• **Dataset extract**:
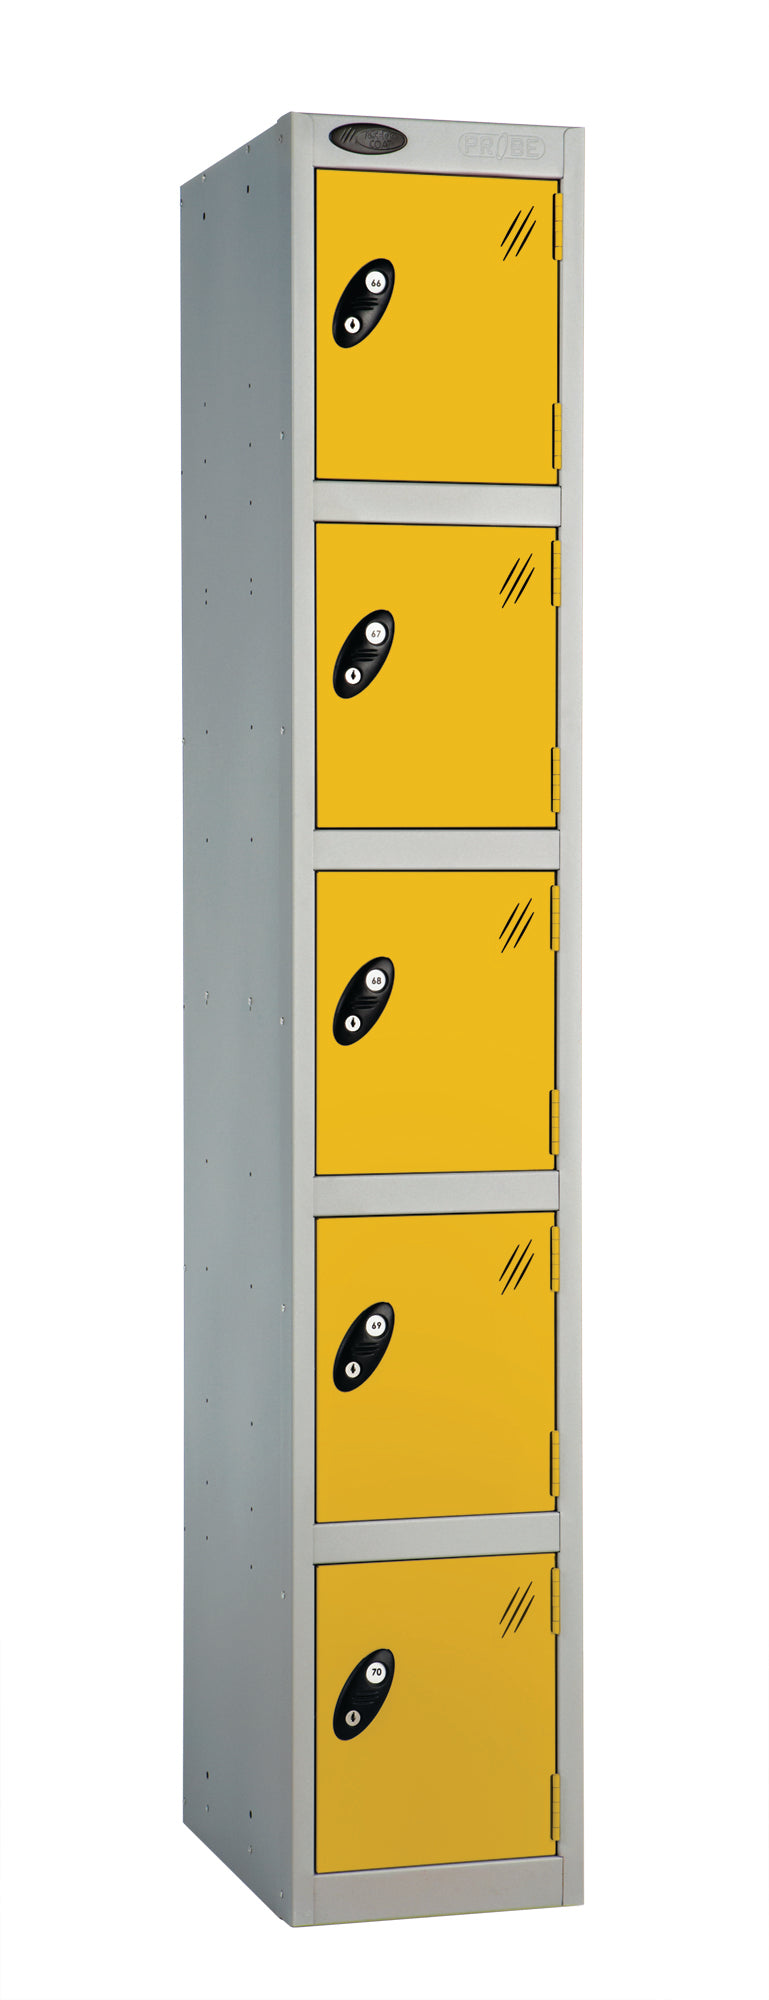 PROBEBOX STANDARD 1 NEST STEEL LOCKERS - ROYAL YELLOW 5 DOOR Storage Lockers > Lockers > Cabinets > Storage > Probe > One Stop For Safety   
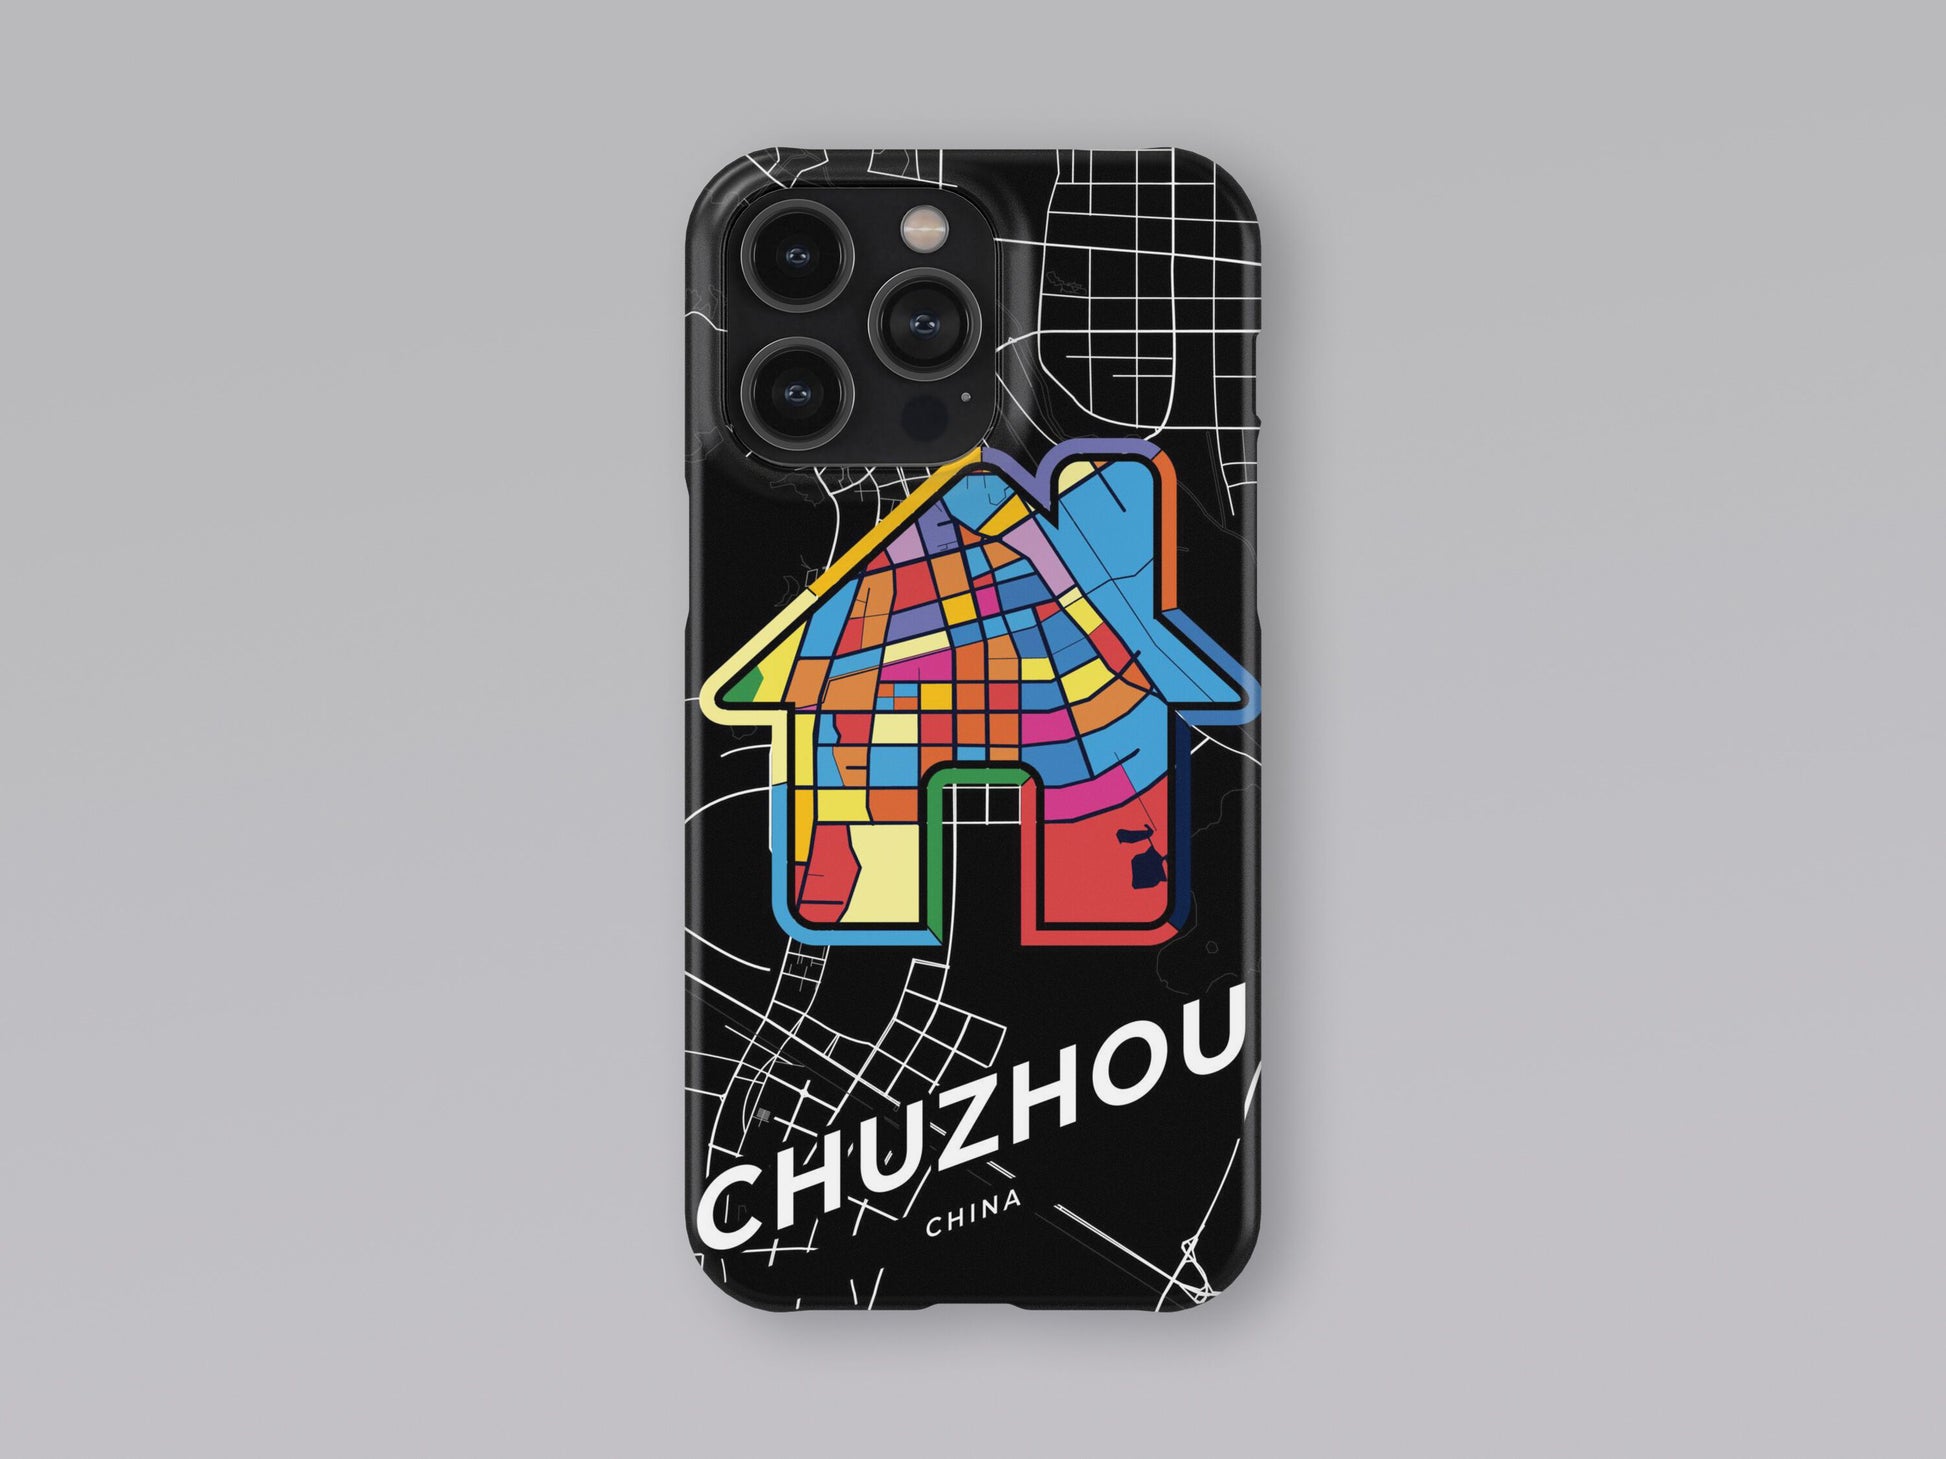 Chuzhou China slim phone case with colorful icon. Birthday, wedding or housewarming gift. Couple match cases. 3
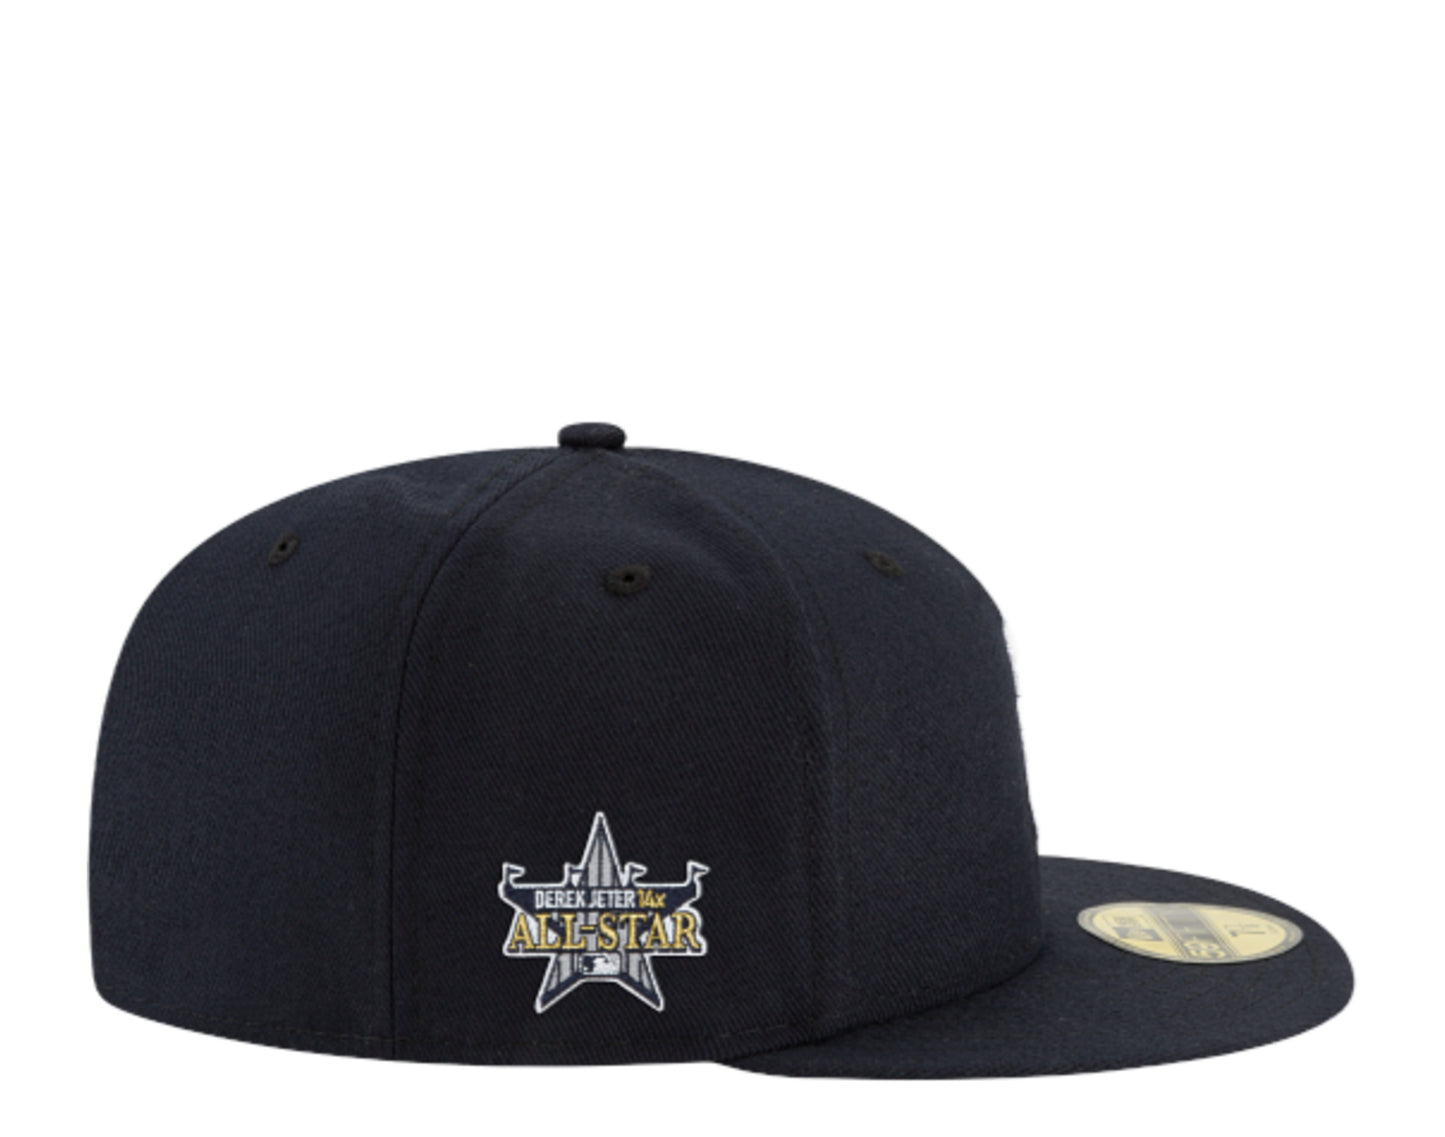 New Era 59FIFTY MLB New York Yankees Derek Jeter 14x All-Star Fitted Hat 7 3/8
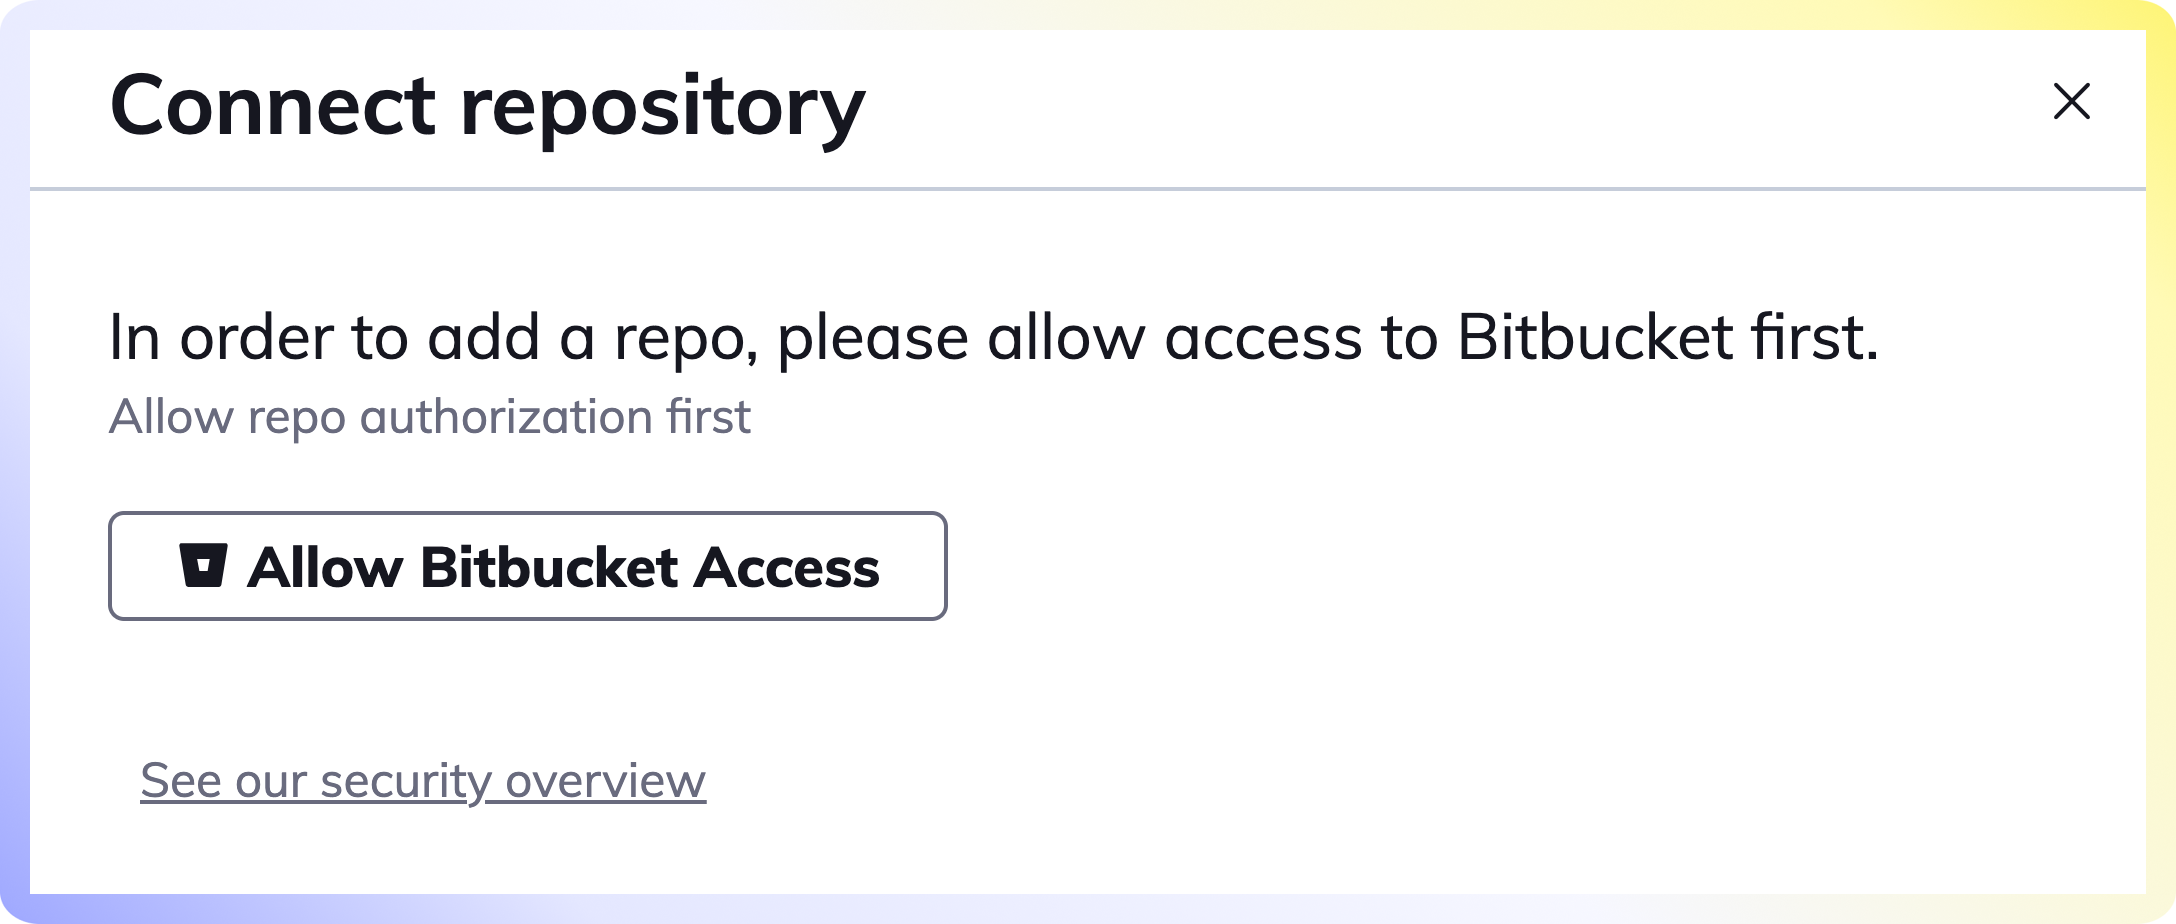 Allow Bitbucket Access

• **Problem**:
For this exercise, write out the listing verbatim and leave every image out.

• **Task result**:
 PROBEBOX STANDARD 1 NEST STEEL LOCKERS - ROYAL YELLOW 5 DOOR Storage Lockers > Lockers > Cabinets > Storage > Probe > One Stop For Safety   
 Chuzhou China slim phone case with colorful icon. Birthday, wedding or housewarming gift. Couple match cases. 3
 New Era 59FIFTY MLB New York Yankees Derek Jeter 14x All-Star Fitted Hat 7 3/8
 Allow Bitbucket Access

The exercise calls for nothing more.